Tuesday, January 30, 2018

Out, damned logo

Common sense and common decency have taken some uncommon hits in the last year, for reasons that are obvious to any American who's caught even a tiny portion of Our Only Available President's act. So it's refreshing when the two commons manage to pull off a W.

Which is to say: The Cleveland Indians are finally ditching Chief Wahoo.

This will undoubtedly provoke the usual cry of "Political correctness run amok!" from the usual suspects, who never met a racial slur or stereotype they wouldn't fervently embrace. That Chief Wahoo is an obviously racist caricature far out of its time doesn't matter to those usual suspects, given that our entire national policy openly seems to yearn for those rightfully gone times.

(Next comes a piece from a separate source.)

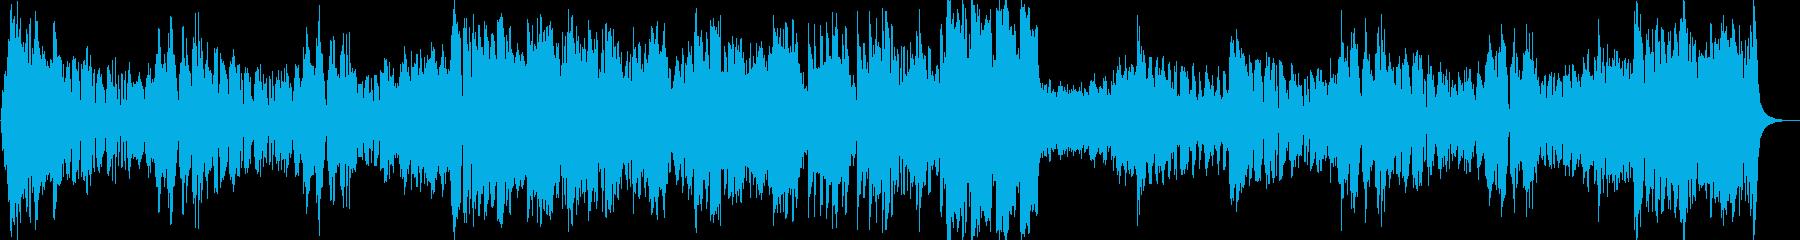 ファンファーレから始まるお城BGMの再生済みの波形
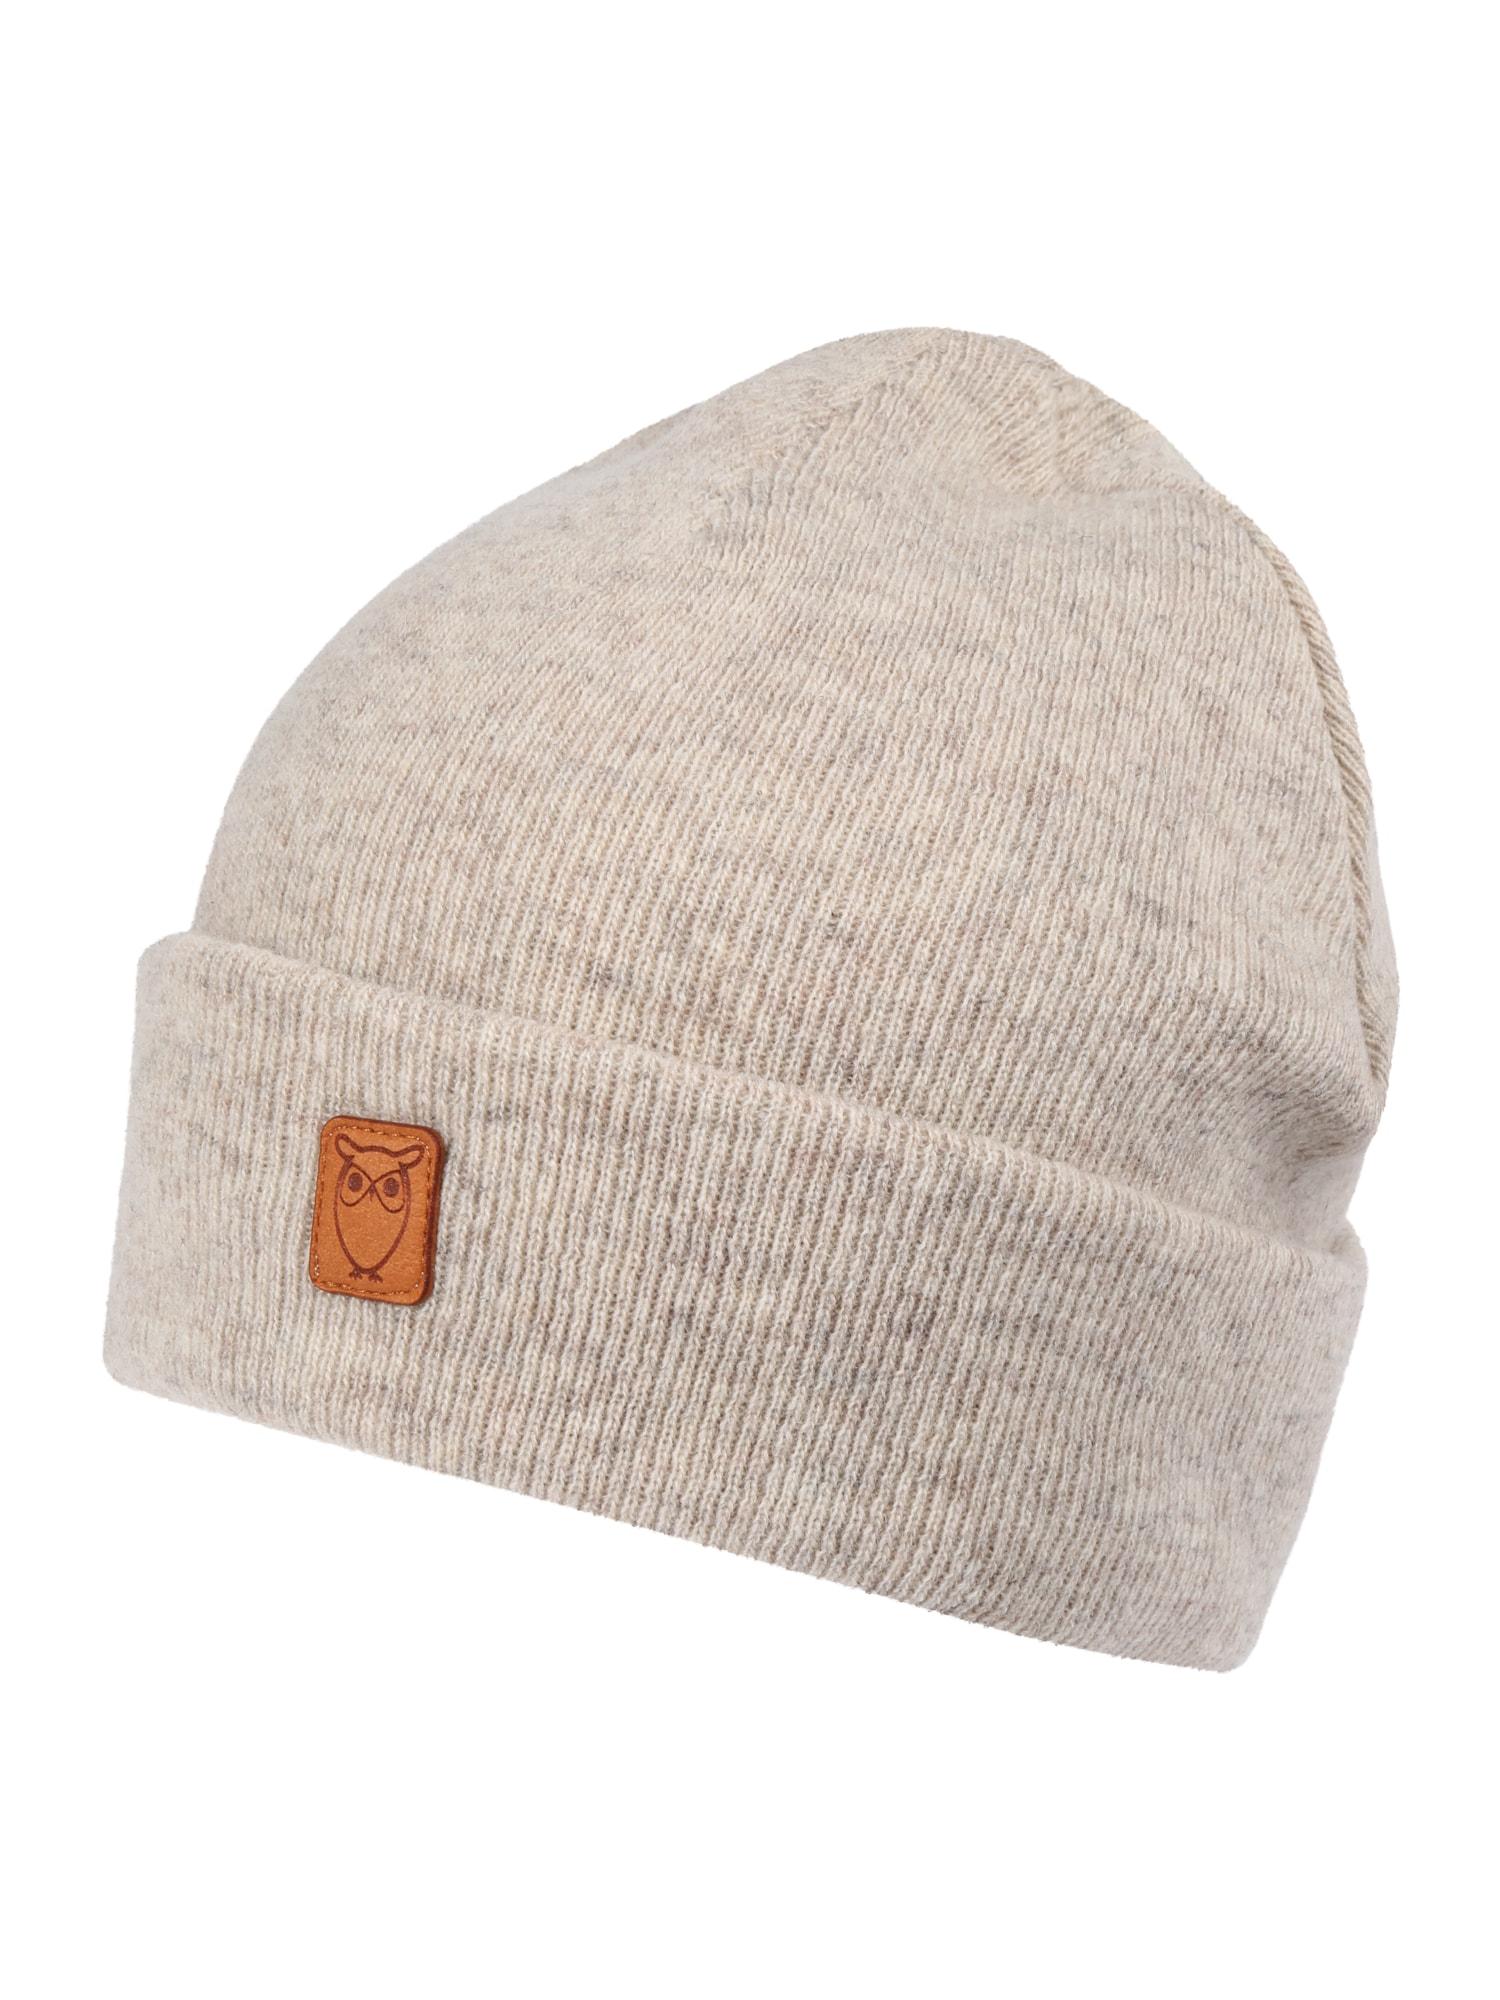 Mütze 'Beanie organic wool - GOTS'   Accessoires > Mützen   KnowledgeCotton Apparel

And yet ... it is 2018, no matter how much Our Only Available President and his constituency wishes it were not. And so Chief Wahoo belongs on history's ashheap, not on the sleeves of baseball players whose demographic is increasingly diverse.

Consider, after all, its genesis: It was created allegedly to honor Louis Sockalexis, a Penobscot Indian who played for Cleveland for three years in the late 1890s. Sockalexis' first year in Cleveland was 1897, seven years after Wounded Knee, generally regarded as the last gasp of Native American resistance to white rule. By the time Sockalexis came along, the process of herding Native American children into white schools whose purpose was to eradicate their culture was already well under way.

Chief Wahoo was a product of those times, just as this and this were a product of those times. It's safe to say not even the Usual Suspects (or at least some of them) would regard the latter two, in the America of 2018, as anything but the outrageous racial slurs they are.

So why shouldn't Chief Wahoo be regarded that way?